Small manufacturing and the establishment size distribution after the Hot Autumn
Do minimum wages affect employment through the natality and mortality of businesses and their size growth? The paper looks at the Italian case, which is characterized by the prevalence of small-size firms in the manufacturing sector. Researchers have long discussed its root causes: while some point to distant historical origins, others argue that today’s size distribution is the product of structural transformations in the 1970s. This paper tests the latter approach, focusing on the hypothesis that steep increases in sectoral minimum wages after 1969 provoked a shift from large manufacturing to small establishments due to heterogeneous effects on labour costs.
The paper compiles census data on the number of establishments and employees at ten-year intervals from 1951 to 2001 for over 8,000 municipalities and circa 15 two-digit industrials sectors, combined with a range of local demographic and economic variables. The paper performs a quantitative analysis by comparing municipality-sector cells that in 1969 received a steeper increase in minimum wages with cells that received a lower increase. This variation was largely provoked by contemporaneous institutional reforms which I exploit for identification.

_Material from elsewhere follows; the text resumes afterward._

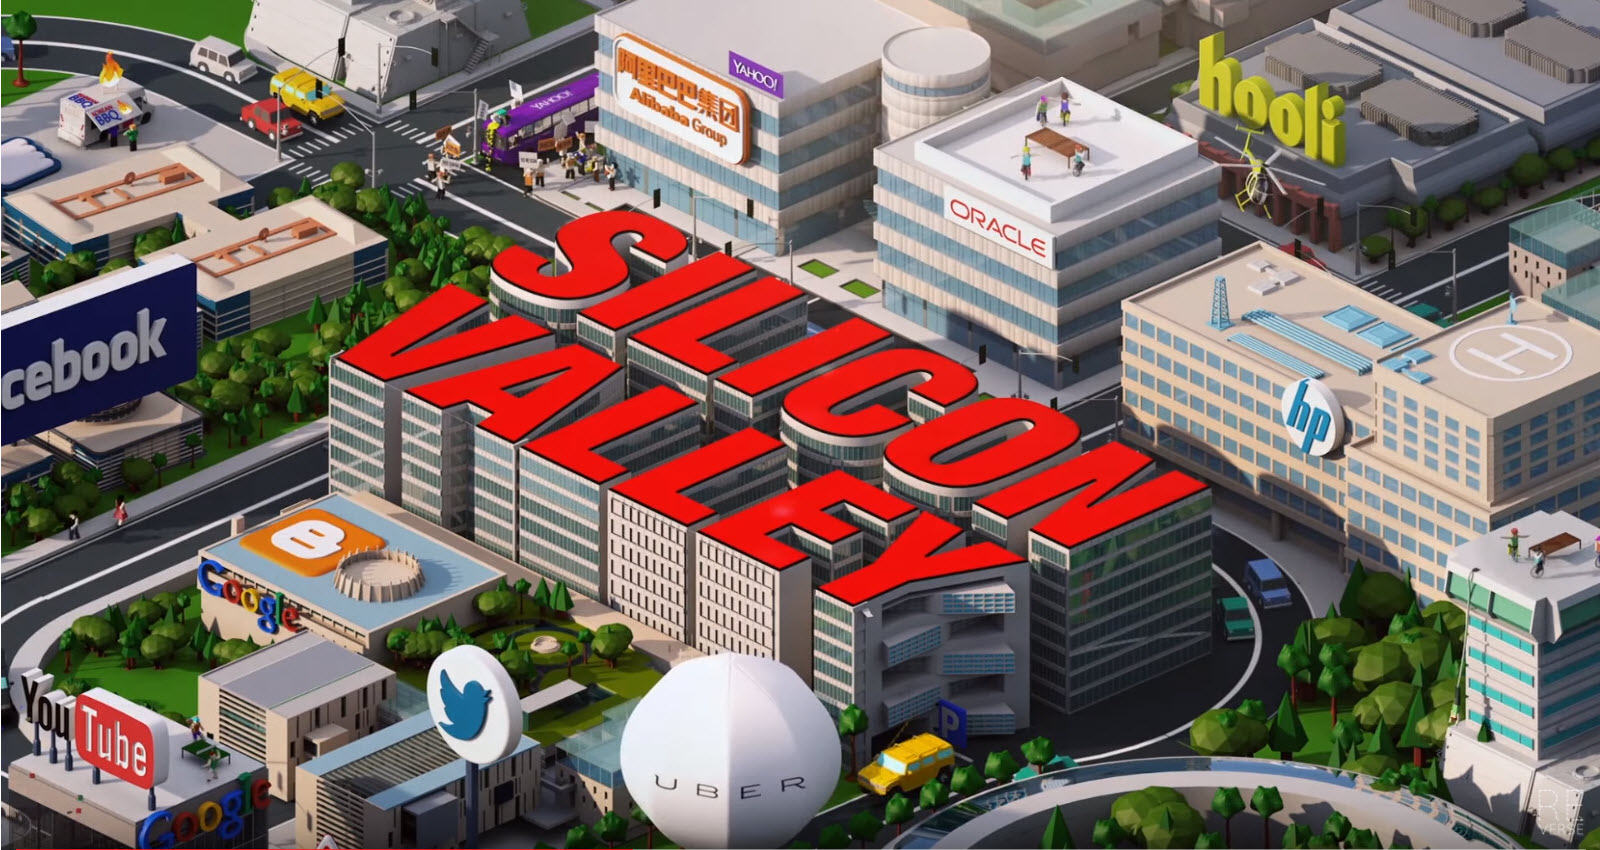 Season 2 - New startups: 23 & Me, Alibaba, Anybots, Appcelerator, Chrome, Occulus, Re/Code, Uber, WhatsApp

Results show that places that experienced a steeper increase in minimum wages recorded a lower count of manufacturing establishments after the shock, despite showing no systematic differences before. The negative effect on the number of manufacturing establishments appears to continue for over three decades. Looking at the short-term effect, the analysis also finds supporting evidence that the shock reduced the number of establishments of medium size, causing a polarization of the size distribution. The discussion leverages descriptive quantitative sources to propose possible interpretations and to explain heterogeneity by area and sector.
The paper speaks to several literatures in labour economics and economic history. First, it discusses the the influence of labour market institutions on firm creation and growth in the long run. Second, it addresses the historical roots of Italy’s skewed firm size distribution.